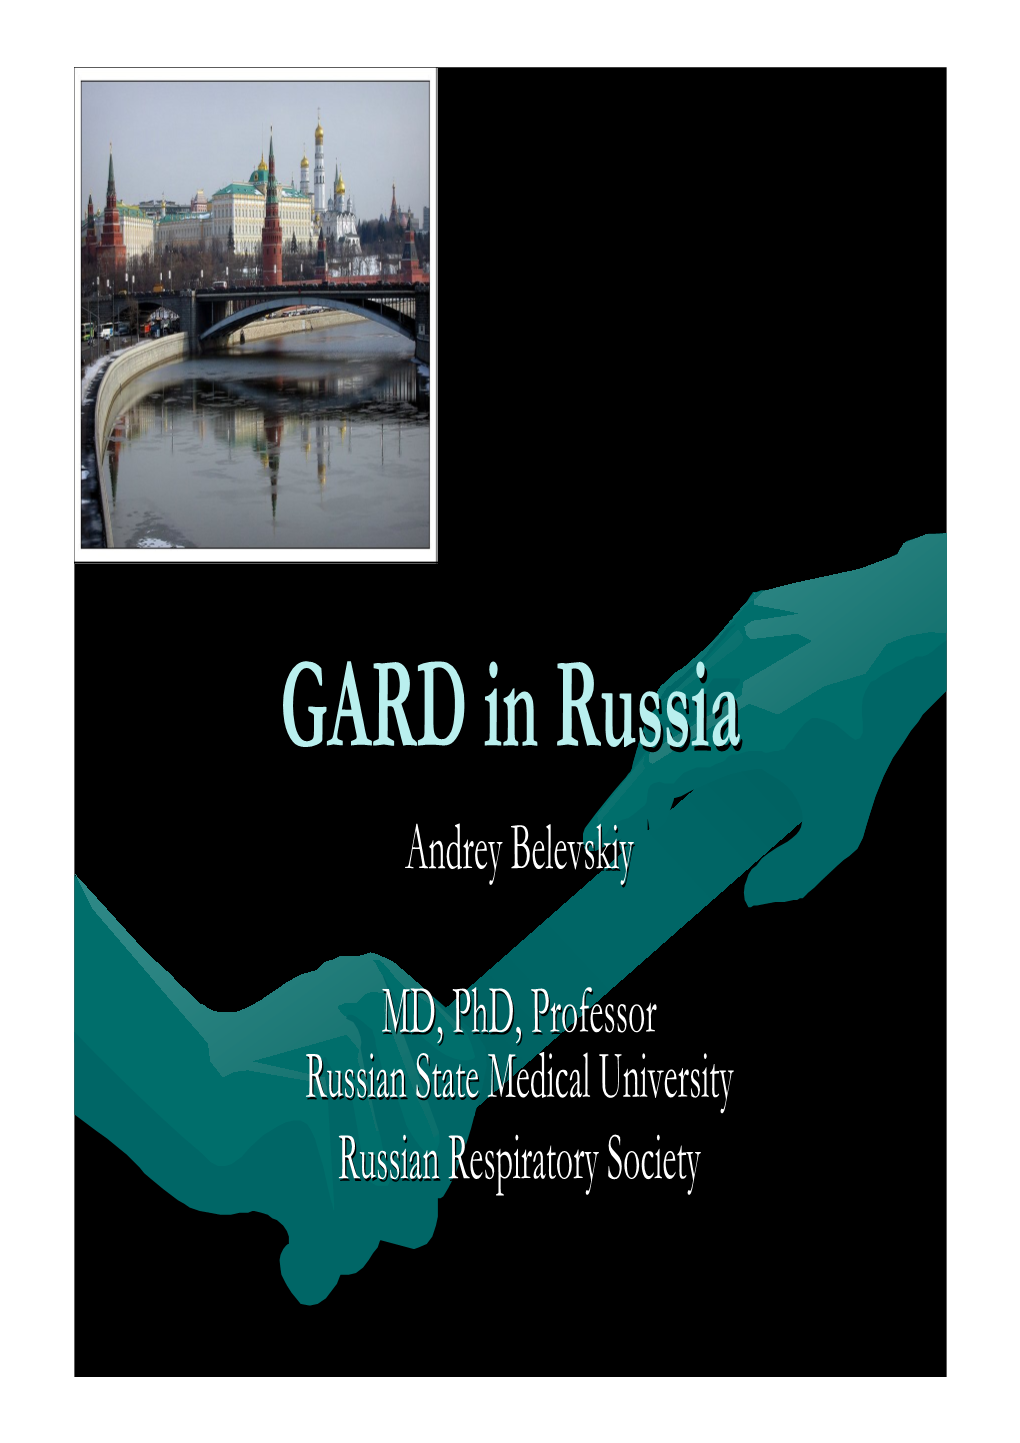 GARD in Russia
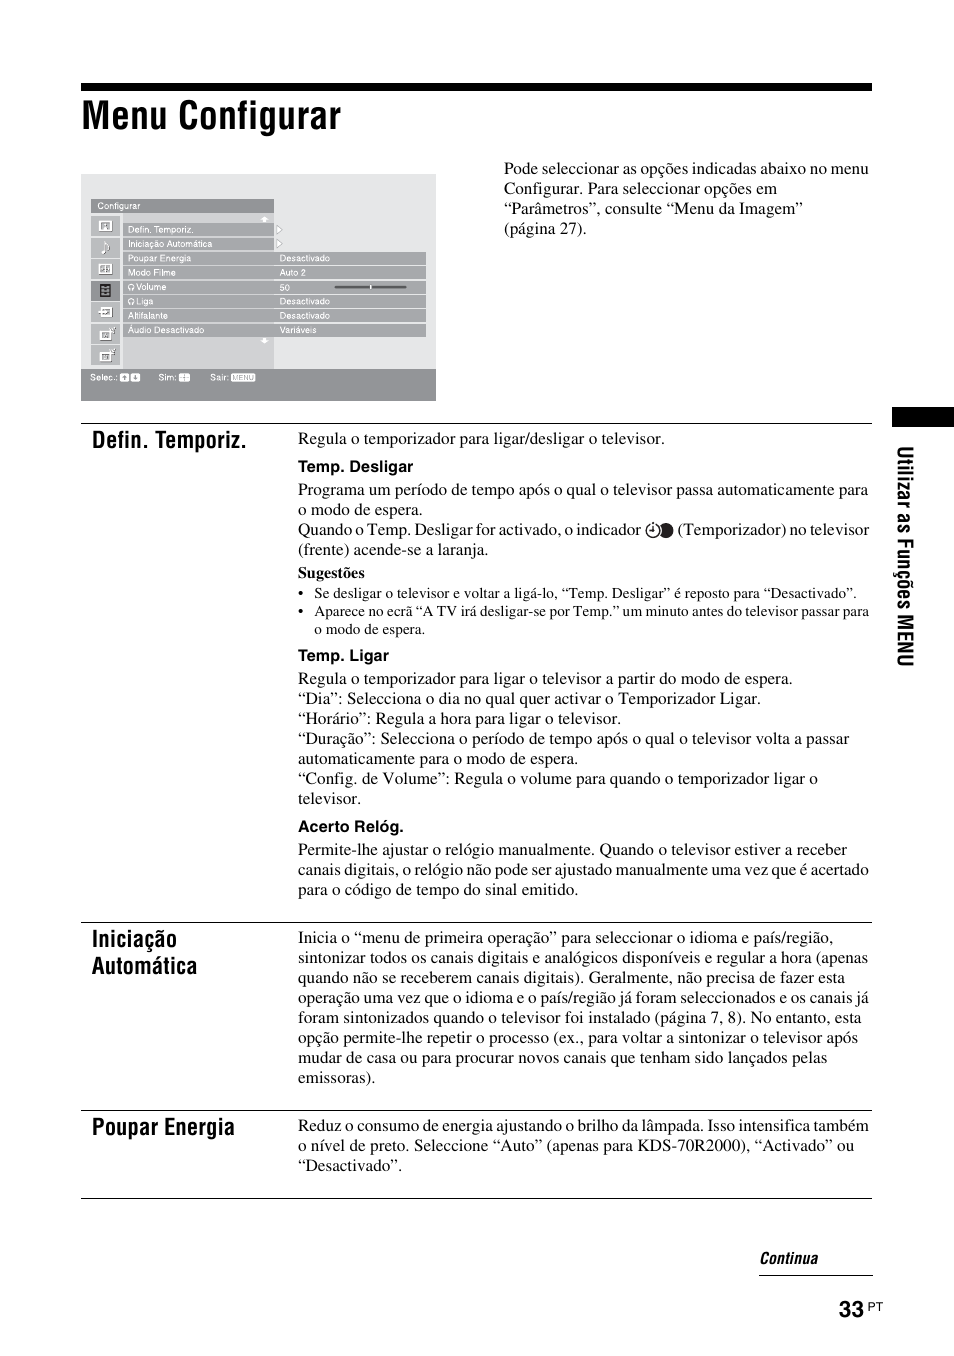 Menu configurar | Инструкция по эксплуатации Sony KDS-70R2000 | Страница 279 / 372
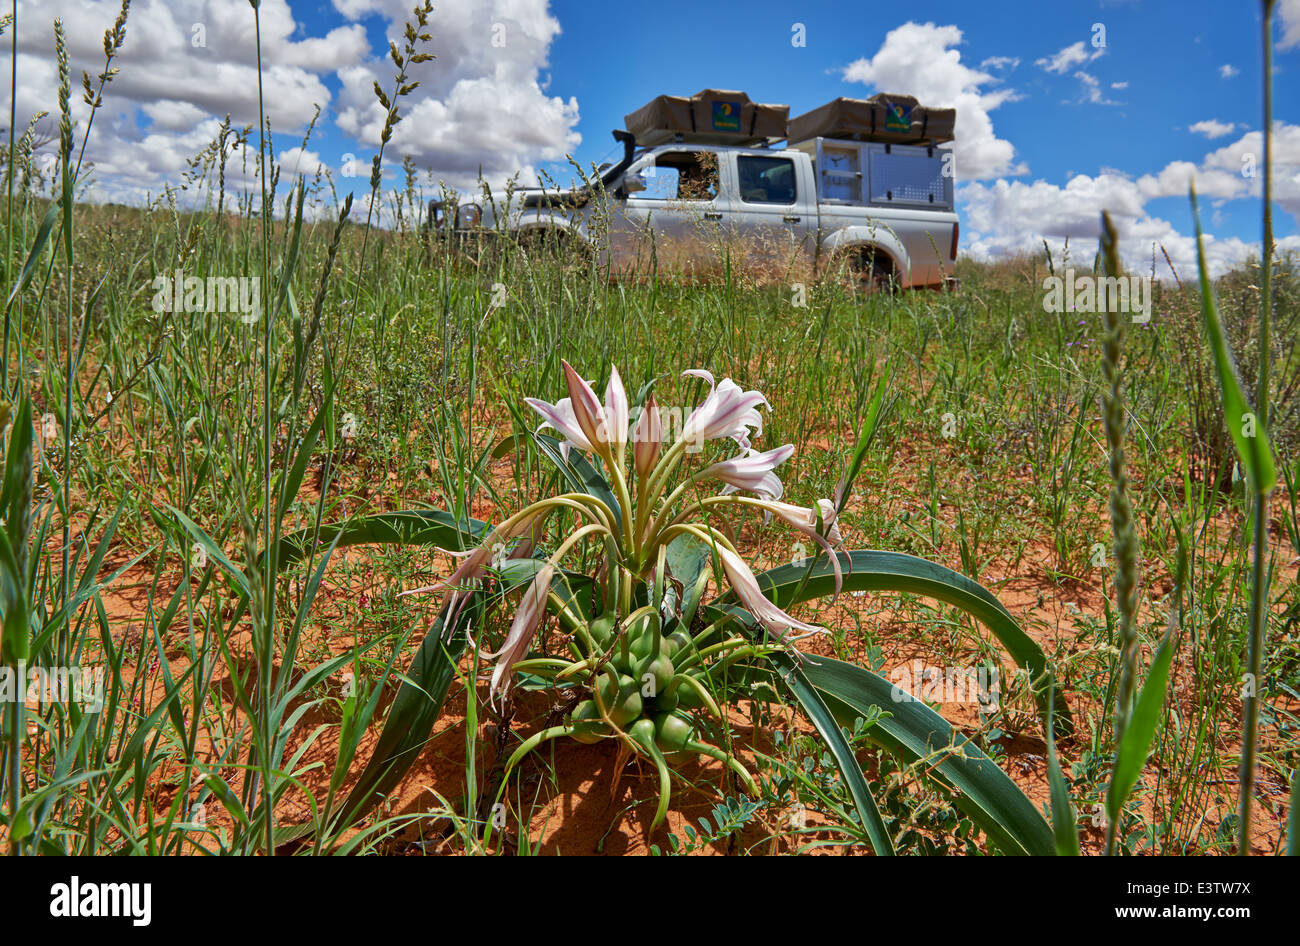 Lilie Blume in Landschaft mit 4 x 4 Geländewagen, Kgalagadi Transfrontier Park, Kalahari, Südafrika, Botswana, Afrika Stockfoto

··········

* _Work order_
Repeat the material above exactly. Leave every picture out of it.

* _Solution to the problem_
 GARD in Russia
 Menu configurar | Инструкция по эксплуатации Sony KDS-70R2000 | Страница 279 / 372
 Lilie Blume in Landschaft mit 4 x 4 Geländewagen, Kgalagadi Transfrontier Park, Kalahari, Südafrika, Botswana, Afrika Stockfoto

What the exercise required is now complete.